While SA's dominant hospital groups venture offshore into more developed markets, smaller groups are making inroads into non-metropolitan areas in SA - disproving the notion that the local market is saturated.
Reitumetse Pitso: Financial Mail, 17 December 2015
The big three - Life Healthcare, Mediclinic and Netcare - seem attracted to expansion in destinations such as India, the Middle East, Europe and the UK. Domestic regulatory pressures have contributed to making them look for further opportunities aboard; the Competition Commission has opened an inquiry into the private healthcare sector, exploring features of competition distortion among them.
It is also becoming increasingly difficult for them to secure licences. Newcomers to the private healthcare sector are black-owned hospital groups BusaMed and Phelang Bonolo, which are hoping to lessen the 80 percent dominance of the big three. They are also positioning themselves to cater for parts of the market that have previously been ignored.
BusaMed opened its first hospital in the Strand, Cape Town, this year. Three others are in development in Modderfontein, Harrismith and Bloemfontein.

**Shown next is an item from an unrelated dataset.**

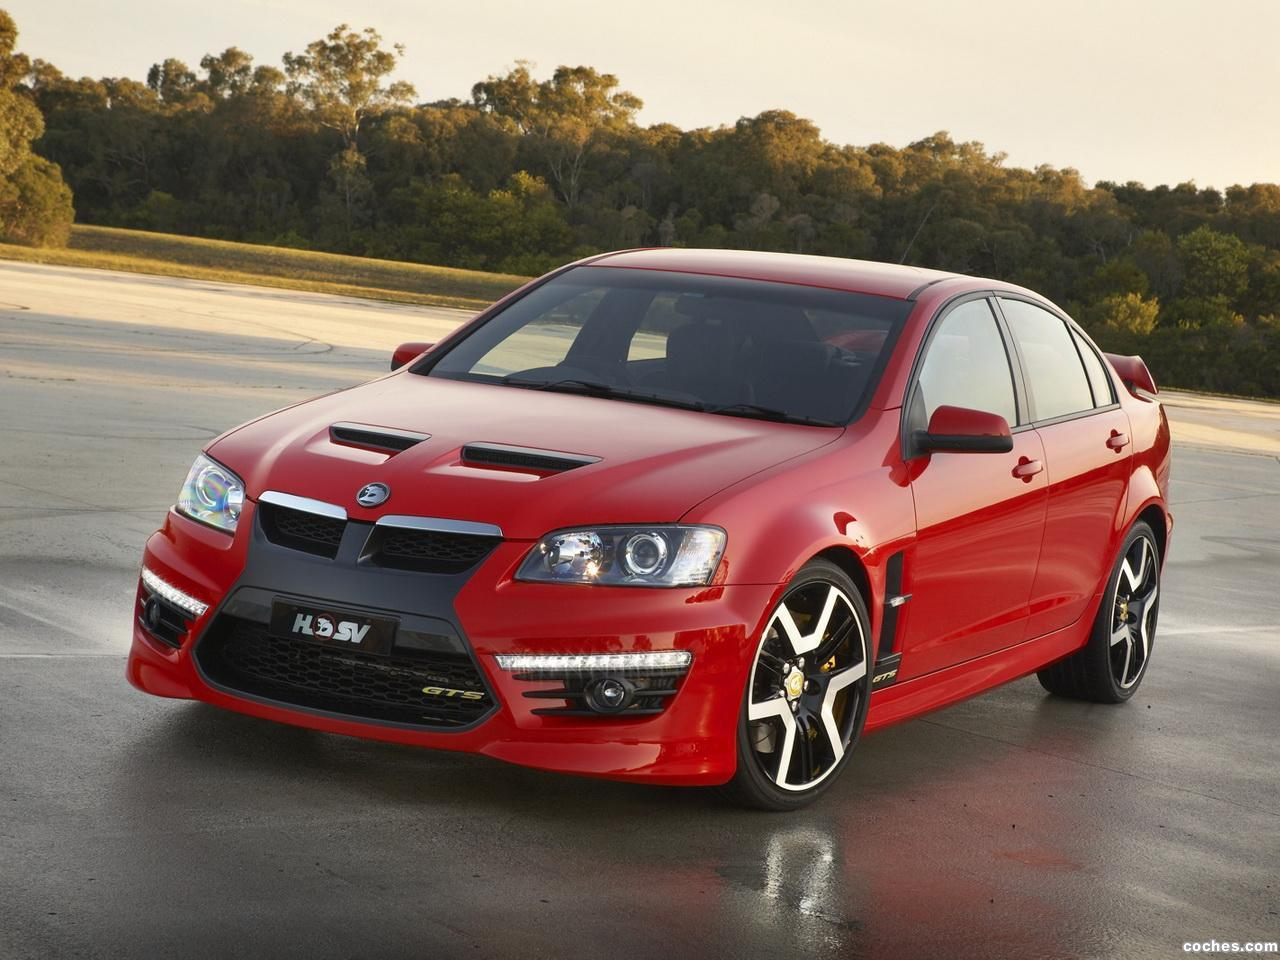 Foto 3 de Holden HSV GTS 2010
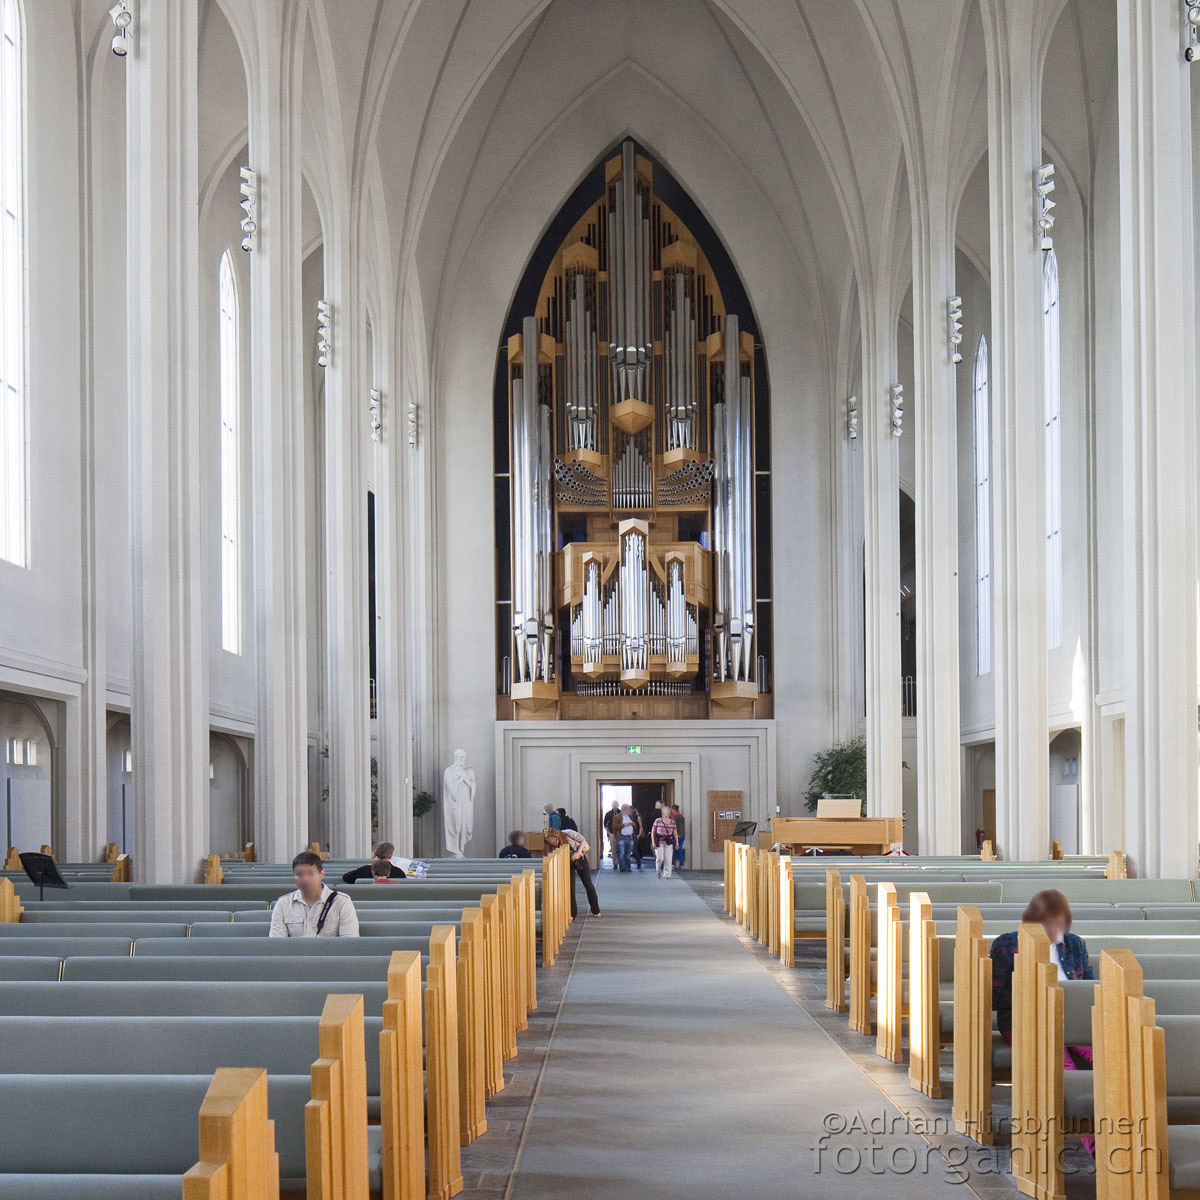 Orgel in der Hallgrimskirkja: Erinnert ebenfalls an Basaltsäulen.

A year after Phelang Bonolo opened the flagship Botshilu private hospital in Soshanguve, company founder and group executive Mabitje Rampedi is adamant that the market for private healthcare is ripe and neglected in areas previously classified for disadvantaged groups.
Phelang Bonolo has Hartebeespoort Private Hospital and East Med Day Clinic, both still to be built. Rampedi said the remnants of apartheid spatial planning in the townships became clear to him as he admitted patients from surrounding townships while he practised in Pretoria's suburbia.
He said Soshanguve was rapidly growing, while in Pretoria all the hospitals were in one street. Considering the population, its needs and economics, it made sense from a financial point of view to bring the facilities closer. After the authorities had been convinced, the challenge was showing funders that Rampedi and his associates could run hospitals.
To develop a track record, Phelang Bonolo had to create a strategic partnership with Netcare, but with no intention of growing with it. It made the funding of Botshilu much more palatable for the likes of the Industrial Development Corp (IDC), the Public Investment Corp (PIC), venture capitalists and financial institutions.
The IDC has financed the majority of black-owned private hospitals in townships. The PIC also has large stakes in the sector. BusaMed's hospital is, however, backed by private equity, with the National Empowerment Fund as a shareholder.
Financial services company Mergence said earlier this year it was also in the process of securing funding to launch its own black-owned hospital group. According to market research group Urban Studies, private hospitals are mostly found in affluent suburbs of metropolitan areas where more than 70 percent of the households are in LSMs 9 and 10.
Urban Studies CEO Dirk Prinsloo said a suitable model needs to be developed for private hospitals where township development is taking place. With the department's minimum threshold population for a private hospital at 100 000-130 000, a private hospital could be warranted for Soweto, because 12 percent of the population, about 160 000 people, fall between LSM 9 and 10, Prinsloo said. Lenmed, which is 30 years into providing private healthcare, has not lost its momentum.
In March the group opened a primary healthcare centre in KwaMashu, Durban, and added its 10th hospital through an acquisition in the Northern Cape. Lenmed's expansion plans include the construction of a hospital in Gauteng's Tembisa and another in Kimberley, both to be commissioned in 2017.
The group also has a presence in Botswana and Mozambique. Lenmed CEO Prakash Devchand said the company does not target high-income earners, but that the provision of quality healthcare services has sustained the group. He notes that the Western Cape, Gauteng and KwaZulu-Natal are developed in terms of private healthcare, and said there are opportunities for the group to take in other provinces.
Lenmed has a wide shareholder base to fund its expansion plans. The cash flows of its more mature hospitals seem to support the newer hospitals. Though SA has a shortage of nursing staff, Devchand said it is not as urgent as the need for medical specialists, the effects of which are beginning to be felt within Lenmed. Melomed, which is based in the Western Cape, said it has embarked on in-house training for nursing practitioners. But the shortage of specialists, especially in certain disciplines, remains a challenge, said Melomed marketing manager Randal Pedro.
Melomed has four hospitals in middle-income communities, in areas that have previously not had private healthcare facilities. Its first foray out of the province will be a facility under construction in Richards Bay that is expected to be completed in 2017.
Econex health sector economist Mariné Erasmus says the proliferation of new hospitals is good for competition when it comes to pricing quality. She said investors would have done extensive research before setting up; even people not on medical aid will have access to healthcare on a cash basis.
Further, Erasmus said, when the National Health Insurance comes into effect, these facilities will already be in place - closer to communities - to contract with the Department of Health. What will be interesting, she said, will be the interplay between pent-up demand and supply-induced demand, and how it will affect a new facility's occupancy rates. She said new hospitals open up because there is already a demand.